Which optimization barriers do I need here?

I am writing sandboxing code for Google Chrome that has the potential to trigger execution of a hook function on any arbitrary system call that the program makes. Inside of the hook function, it performs a read-only operation on a global data structure that describes some of the sandboxing policies. This works fine once sandbox initialization has completed, but it requires special care when initially setting up this data structure as we never want to present invalid data (e.g. use after free) to the hook function. And as system calls are somewhat out of the scope of the C++ language specification, we have to assume that they can happen at (almost) any time.

A very simplified version of our code looks like this:

#include <string.h>

// We have some low-level code that can trigger on any system call and that
// performs a read-only access to “data”. It is guaranteed to only ever access
// indices between [0…n_data) and it doesn’t need to look at “n_data”. So, it
// is OK if a) “data” points to either new or old memory locations as long as
// they contain valid data, and b) the value of “n_data” does not need to be
// consistent.
// We are not concerned about multi-threaded code. Our code is guaranteed to be
// single-threaded at this time.
// We are also not concerned about asynchronous signals. Our code will only ever
// execute synchronously as a direct result of a system call.
static char *data;
static size_t n_data;

void AddToData(char ch) {
// Copy data from “data” to “new_data”. Don’t use realloc() as it could be
// making system calls at unexpected times.
// Then switch pointers without making any interleaving system calls.
char *old_data = data;
char *new_data = new char[n_data + 1];
memcpy(new_data, data, n_data);

// Do we need a barrier here to make sure memcpy() has completed before
// we switch the pointer in “data”?
data = new_data;
data[n_data++] = ch;

// We are worried about the compiler moving the deletion of “old_data” prior
// to the assignment of “data”. As it doesn’t know about us trapping all
// system calls, it could very conceivably reason that “delete[]” doesn’t
// have global side-effect and can thus be moved prior to our assignment.
// We add a optimization barrier to prevent this from happening.
// Is this the correct type of barrier?
asm volatile("" : “=r”(data) : “0”(data) : “memory”);
delete[] old_data;
}

int main(int argc, char *argv[]) {
AddToData(‘X’);
return 0;
}

I realize that we are operating somewhat outside of the guarantees that the language can give us. But we want to make sure we defensively write our code so that it is unlikely to trigger unintended compiler optimizations. Please also note that we have not actually observed any re-ordering that would conflict with the intention of our code; but if we can give hints to the compiler that allow it to better deduce our intentions, then that’s what we want to do.

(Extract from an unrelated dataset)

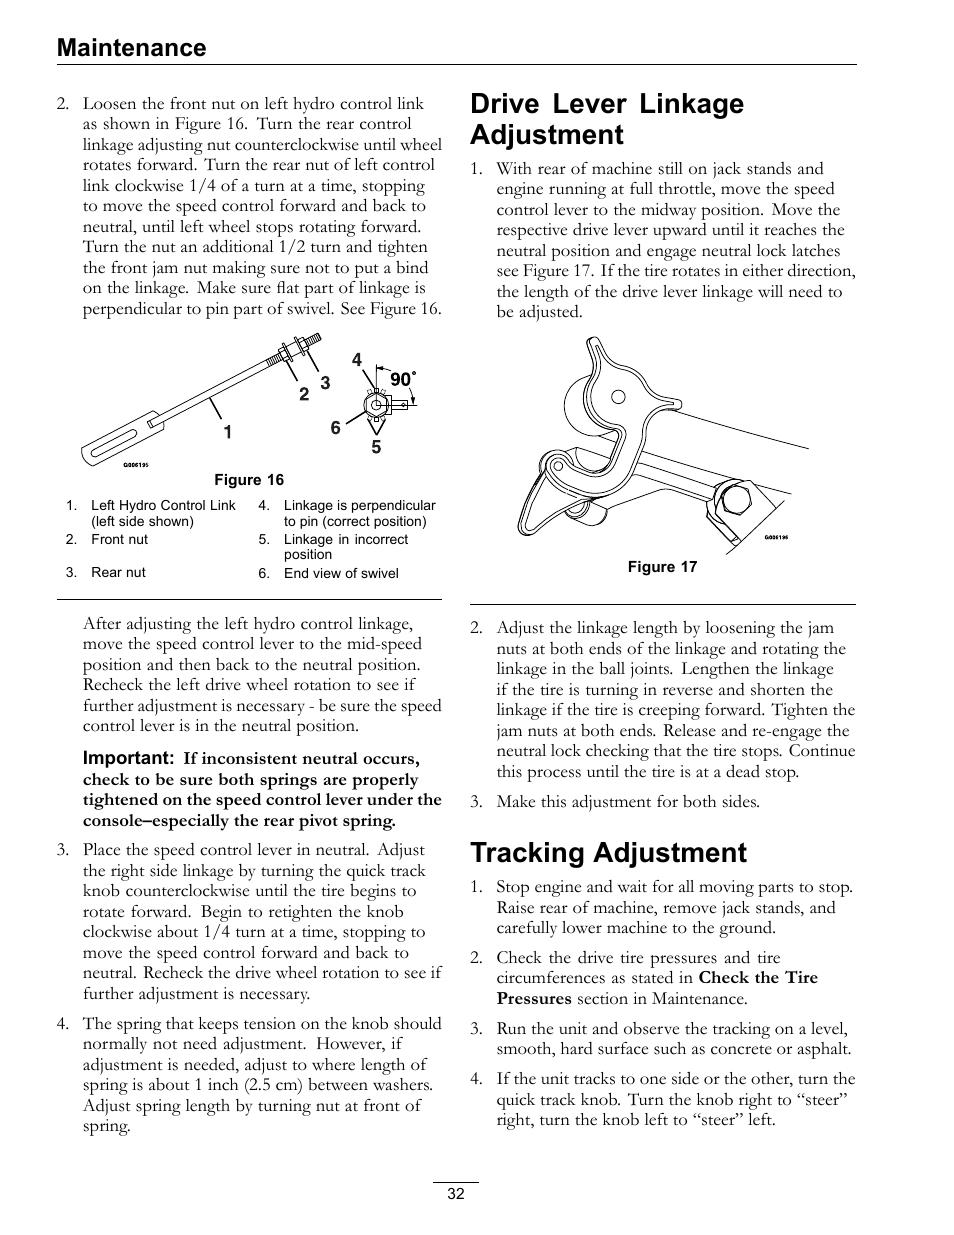 Drive lever linkage adjustment tracking adjustment, Drive

This code is not actually performance critical; so, aggressively disabling optimizations in favor of correctness is fine with us.

The use of non-portable assembly would be acceptable, but is not our first preference. Using compiler extensions in more recent compilers are also possible, but we have to have a fallback plan for when we compile with older versions of clang or gcc. Maybe, we can just rely on the fact, that their optimizers were sufficiently conservative, that we don’t need to prevent reordering.

Markus

I think you need an atomic store here, or the compiler could e.g.,
split an 8-byte store into two 4-byte stores.

Dmitri

I think we don’t care about the compiler splitting the store, as long as it isn’t interleaved with a system call. Our hook only ever runs as a direct result of an intercepted system call.

We have some (limited) control over when we output system calls, as we know that basic assignments won’t generate system calls behind the scenes. But of course, something like “delete[]” could very legitimately result in system calls. So, our assignment to the pointer has to be completed prior to “delete[]”.

Otherwise, we could end up dereferencing the old pointer from our hook, even though “delete[]” already released the memory.

Similarly, we have to make sure that “memcpy()” has completed prior to us switching the pointer.

N.B.: this is all single threaded code and due to the nature of how the sandbox works, we know it will never be changed to be multi-threaded code. So, as far as the CPU is concerned, this is perfectly deterministic code. We don’t need to worry about CPU barriers or about effects of the memory model. Neither do we have to worry about any asynchronous events. All we care about are compiler barriers.

Markus

asm volatile("":::"memory"); is the traditional compiler optimization barrier and should work fine in this case.

John.